Casually, Tom rises from his desk and strolls over to Danny. “Dan, I think it's time we put that warrant back in the system.” Dan, Matt, and the others look relieved. I'm relieved. As I head toward Chitwood's office to update him on the case, I call back, “Tom, keep me posted.”

Following the incident in the Blimpie's parking lot, Troy police got a tip that the red Neon was parked at a Troy address. Surveillance was set up at the residence, but Gorman evaded police all night and into the next day. On the twelfth, the vehicle left the staked-out residence and went to a second residence a mile away. When the vehicle left the second residence, police stopped it, but Gorman was not in the car. The occupants told police that Gorman was in the attic of the residence they had just left, and that he was armed.

As investigators in Portland followed the incident from nearly fourteen hundred miles away via frequent updates from Sergeant Calista Everage—a Troy, Alabama, detective—Troy police arrived at the residence to arrest Gorman on a fugitive warrant. Gorman held guns to his head and threatened to shoot himself.

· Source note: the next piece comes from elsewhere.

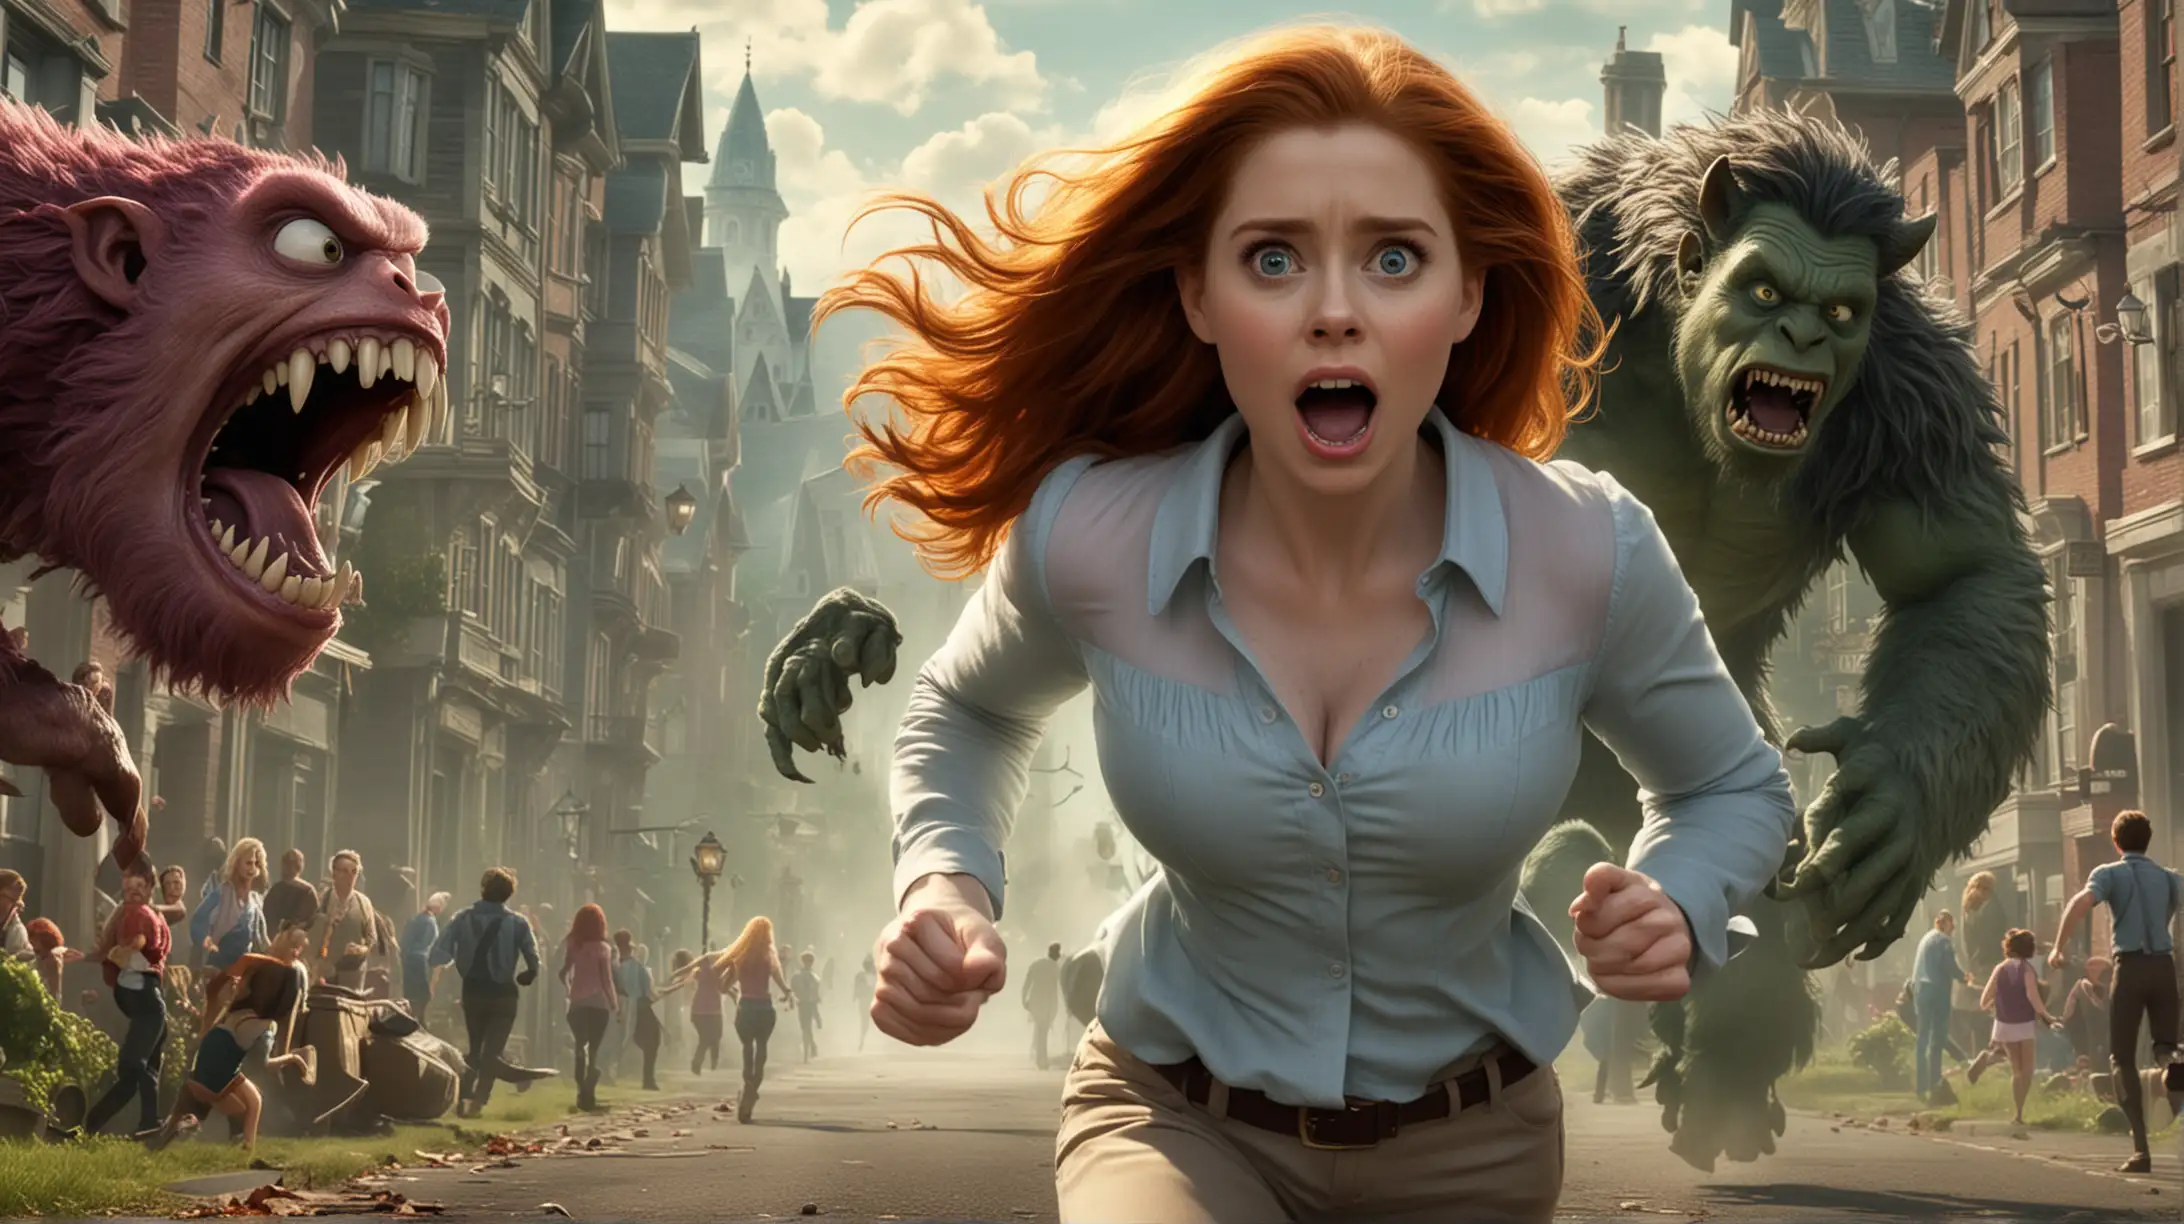 Animated Movie Poster Amy Adams Fleeing from Monstrous Threat in Sensational Attire

As Gorman held the guns to his head, the Portland detectives debated whether Gorman would pull the trigger. With typical sick cop humor, they started a betting pool.

“Tom, stop for a minute. First, where the hell did you get a tie like that? They don't even sell that shit in Kmart, and the sixties are over. Is that your dad's stuff?” He's wearing a blue and white checked shirt and a brown striped tie. Tom's notorious for dressing like Sipowicz on
NYPD Blue.

He's moving jerkily and I know he has good info for me, so I play to hold it all off, knowing I'm about to get a present. It's chaos out in the bay behind him.

“Ooookay, Tom, what is it?”

“Gorman's in a standoff in Troy and has two guns to his head,” he says, smiling.

Bam! My fist goes onto the desk. “I hope that prick kills himself!”

“Hey, we're making bets in the bay if he's going to do it.”

“Tom, send the Grim Reaper south. I don't want Diane, Dennis, and the family going through the pain and foolishness of a trial.”

Tommy grins, liking the idea. “You think?”

As part of our constant black humor, the Grim Reaper had developed anthropomorphic attributes here in the office. It became the device to illustrate how we felt about certain crime scenes, to avoid lurid details. Sometimes we appealed to the Reaper to hold off his work while we caught up on other cases and crime scenes.

This time, I wanted to employ him. Send him down to see Gorman if it meant we could avoid a trial. A trial would be such a brutal extension of the family's pain and suffering. The system is slow, rigid, and confusing and a theatrical defense attorney can easily manipulate a jury into “reasonable doubt.” I dislike trials, as they are not always about truth and the jury never gets to see the entire picture.